Montreal from my hotel room

I’d like to thank whoever organized ACCUTE’s program for our “Runaway technologies” session this morning: three presentations about Canadian science fiction (assuming Atwood doesn’t mind her work being called that now) and its related discourses (see session title) played very well with each other. The session not only prompted keen questions for all of us presenters, but also generated more questions about connections among the papers than about the individual papers: a good sign of well-harmonized topics. The resulting discussion was really productive and engaging for audience and presenters alike. (Well, so I thought, anyway.) And in the process I made some fine new acquaintances.

I also learned at least one new word. Atwood has described Year of the Flood as a “simultanuel” — not sure about that spelling, but it’s for a “-quel” that’s set next to a prior novel’s story (Oryx and Crake), not before or after it. Too bad our time was up before I got to ask if anyone likes Peter Watts’ word better: “sidequel.”
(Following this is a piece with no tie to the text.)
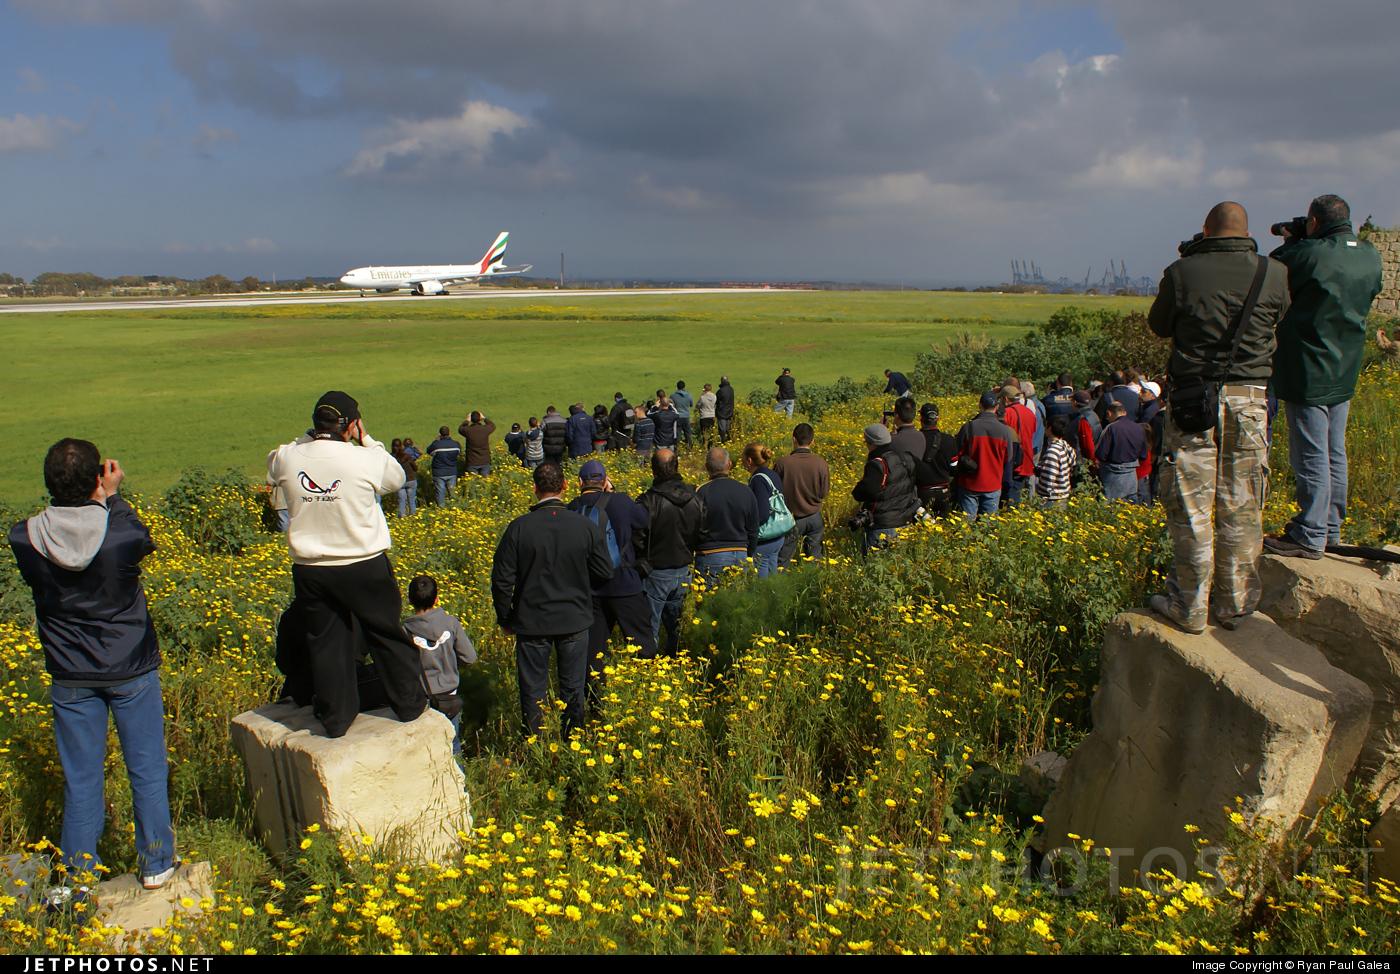 Photo of LMML Airport by Ryan Paul Galea - Aerospray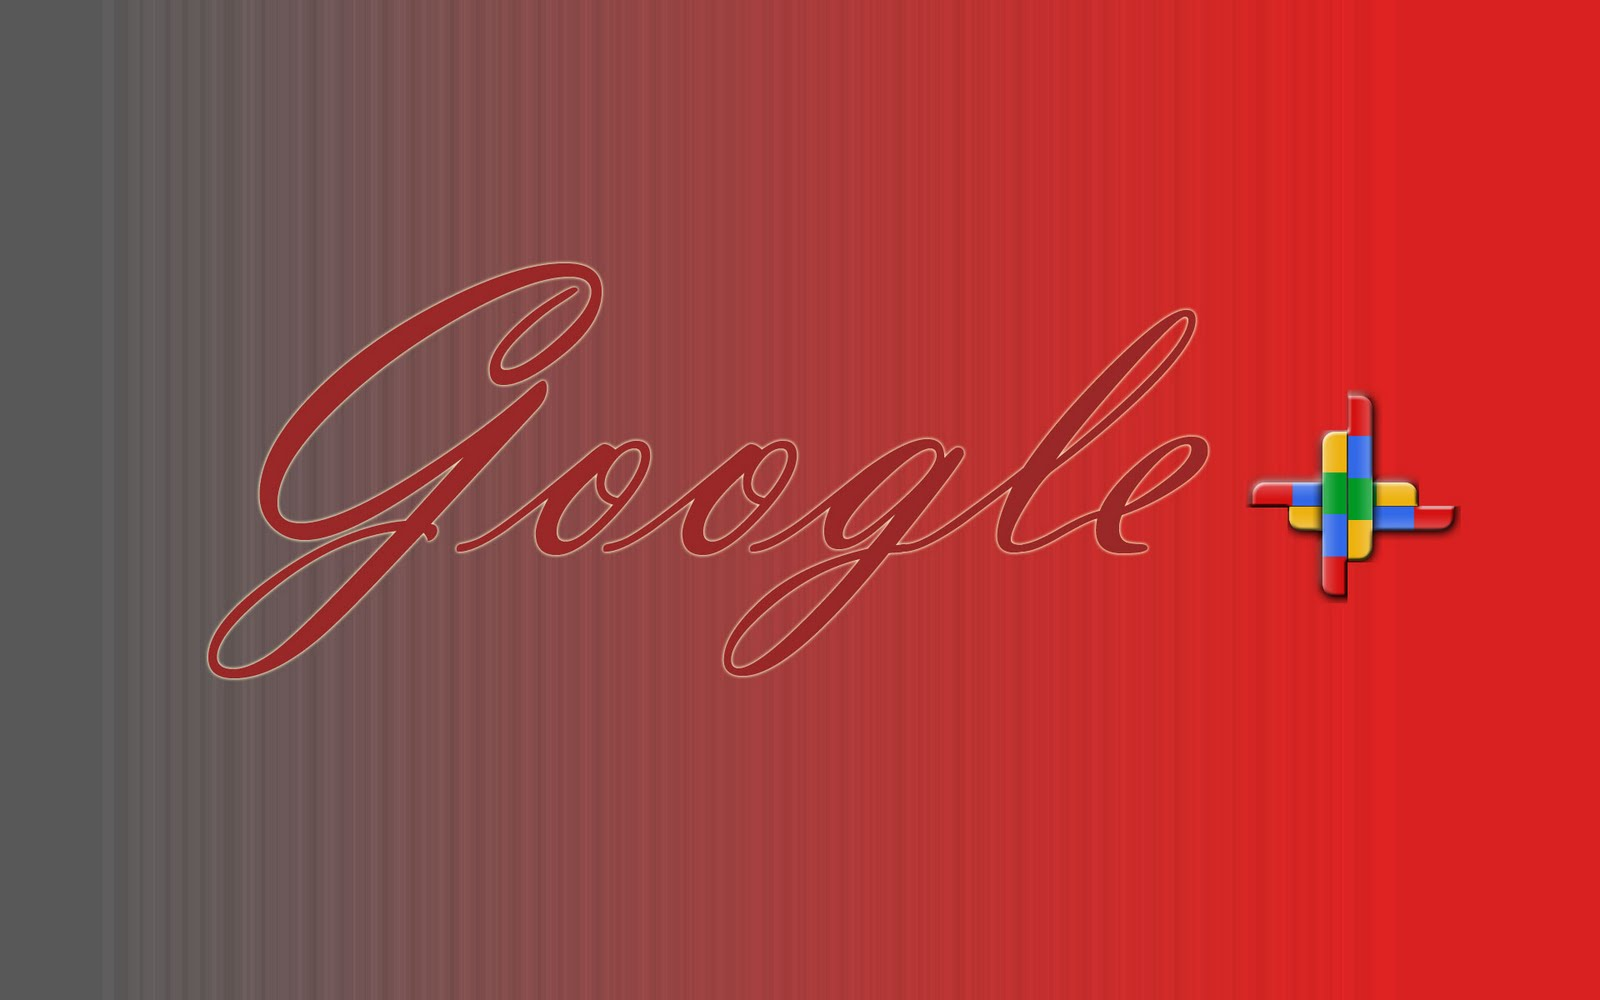 Download 12 Free Google Plus Wallpapers | Google Plus Info

Which reminds me, Watts has generously shared a kind word about my other Congress paper, which goes into more detail about his work, in relation to the copyfight. Meanwhile, Canada’s news media now report that the Harper regime plans to table its latest version of a Canadian DMCA in one week’s time. What Watts’ characters say of extraterrestrial life, we might also say of Big Media’s persistent campaign to digitally lock down culture:
Technology implies belligerence.

Another highlight today was Carole Boyce Davies’ keynote for CACLALS, which explored Caribbean culture’s “transnational black poetics.”

Carole Boyce Davies addresses CACLALS at Congress. Photo courtesy of Boundry.

It was one of those talks from which you can take away enough reading tips to plan a full-year grad course. Her interpretations of reggae and calypso artists and songs were powerful — as evocative as the lyrics she quoted. I’d have liked to hear more of her angle on Caribbean music forms and their meanings. (And I couldn’t help but reflect that here are music forms, like dancehall, which have flourished by flouting conventional copyright regulations. Is there any correlation between a poetics that can go transnational and an IP culture of flexible fair use?)

The ACCUTE sessions I sat in on this afternoon were, first, another very well-choreographed set of talks about US pop culture and the discourse of “healing America”; and, second, the campus reps’ meeting. Acting as proxy for AU’s designated ACCUTE rep, I got a revealing look at the society’s inner workings. (I could tell you more, but then I’d have to kill you.)

And throughout the day there was the welcome experience (culminating this evening in a rammed roof-patio over egregiously over-priced pints) of catching up and comparing notes with colleagues I haven’t seen in too long. (But then again, I work at home, so my bar for “haven’t seen in a long time” might be set somewhat low.)